By Muhammad Saleh Zaafir
March 18, 2018

ISLAMABAD: Jammu and Kashmir has become a top agenda item in the policy statement of the UN high commissioner of Human Rights (UNHCR) in its Geneva Headquarters as it happened for the first time in the history of the commission.

The UNHRC has included Kashmir in the list of other urgent international conflicts, like Syria. The human rights activist Ahmad Quraishi has said that UNHRC should focus on a disturbing emerging trend in Indian Held Kashmir (IHK) where some government’s officials gradually constrain the civic space through incremental actions that help them escape scrutiny.

During the 37th session of UN Human Rights Council (UNHRC) in Geneva, rights activist Ahmed Quraishi, representing the World Muslim Congress, thanked the UN panel for their work and their reports. As an example, he said, I would like to bring to this respected council the case of a young journalist from Indian-Held Kashmir.

He could be physically harmed or die because of his reporting work.
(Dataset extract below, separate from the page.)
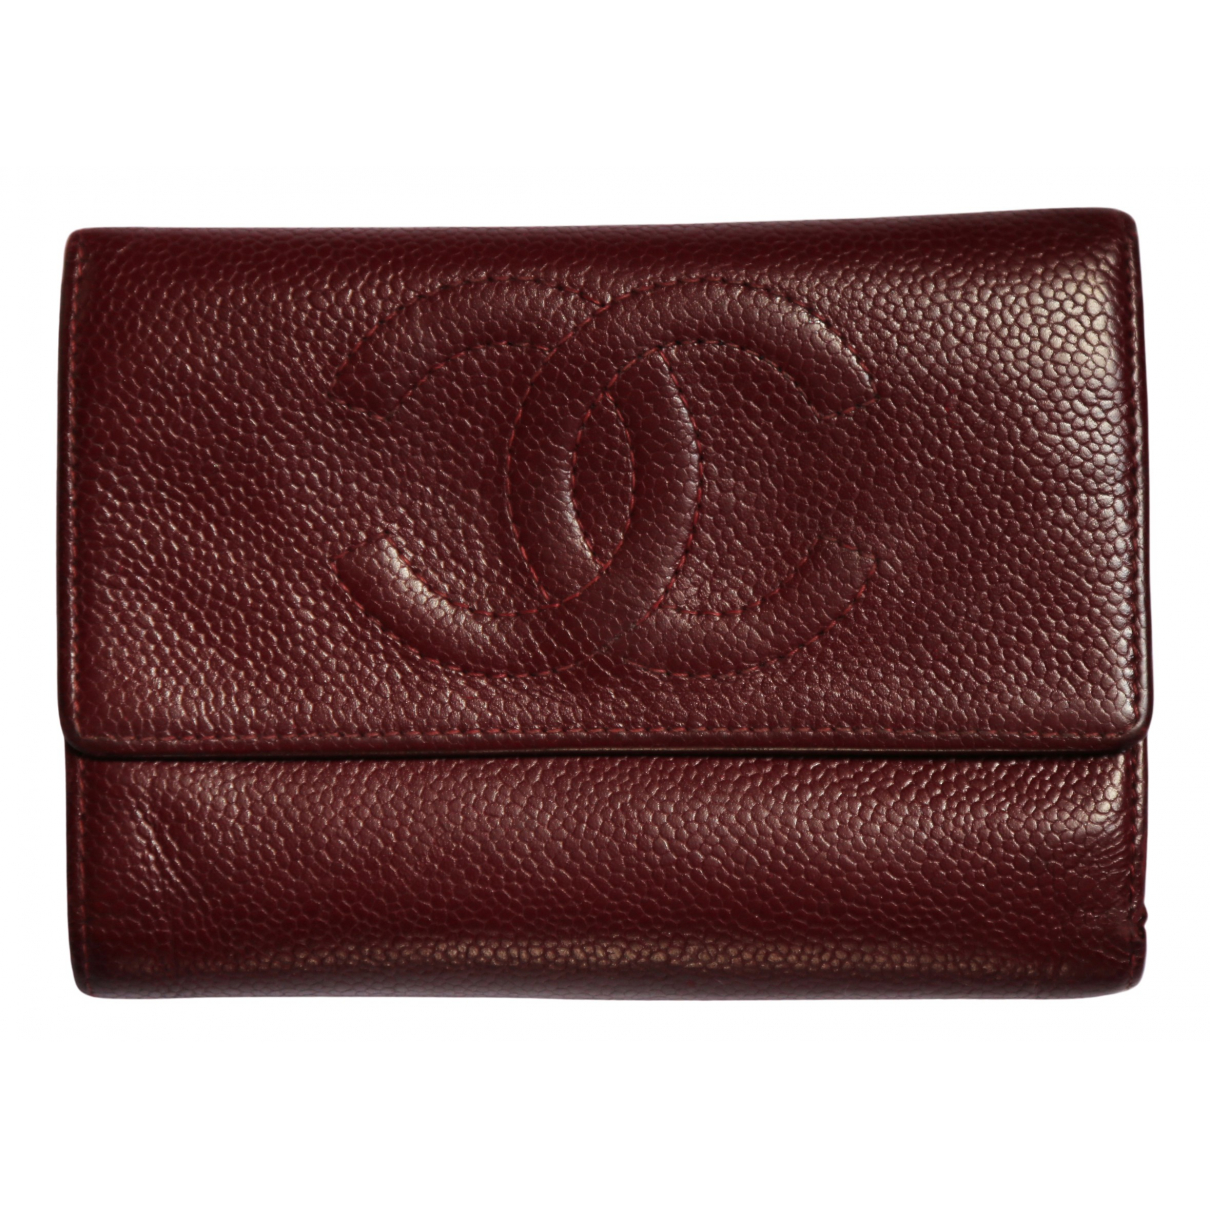 Chanel N Burgundy Leather wallet for Women N

His name is Salman Shah, and he is the chief correspondent for The Kashmiriyat newspaper. Last week, he was entering his house in the city of Srinagar, the capital of Indian Held Kashmir (IHK), when an Indian police officer lobbed a tear-gas shell at his doorstep.

This Indian officer has in the past warned Salman Shah of dire consequences for his reporting on human rights violations by India's occupation army in Kashmir. The Indian police officer used the pretext of a stone-pelting incident in nearby neighborhood to attack the journalist living in a different neighborhood. India has a disturbing recent record of restricting civic space in the occupied territory of Kashmir. After the 33rd session of this council, Indian human rights lawyer Kartik Murukutla was detained and questioned upon landing in India. He works on Kashmir.

Another prominent rights defender, Khurram Parvez, the Chairperson of Asian Federation against Involuntary Disappearances, was prevented at New Delhi airport from boarding a flight to attend the September 2016 session of this council. A Kashmiri delegation, representing both parts of the conflicted region, is in Geneva to participate in the 37th session of UN Human Rights Council.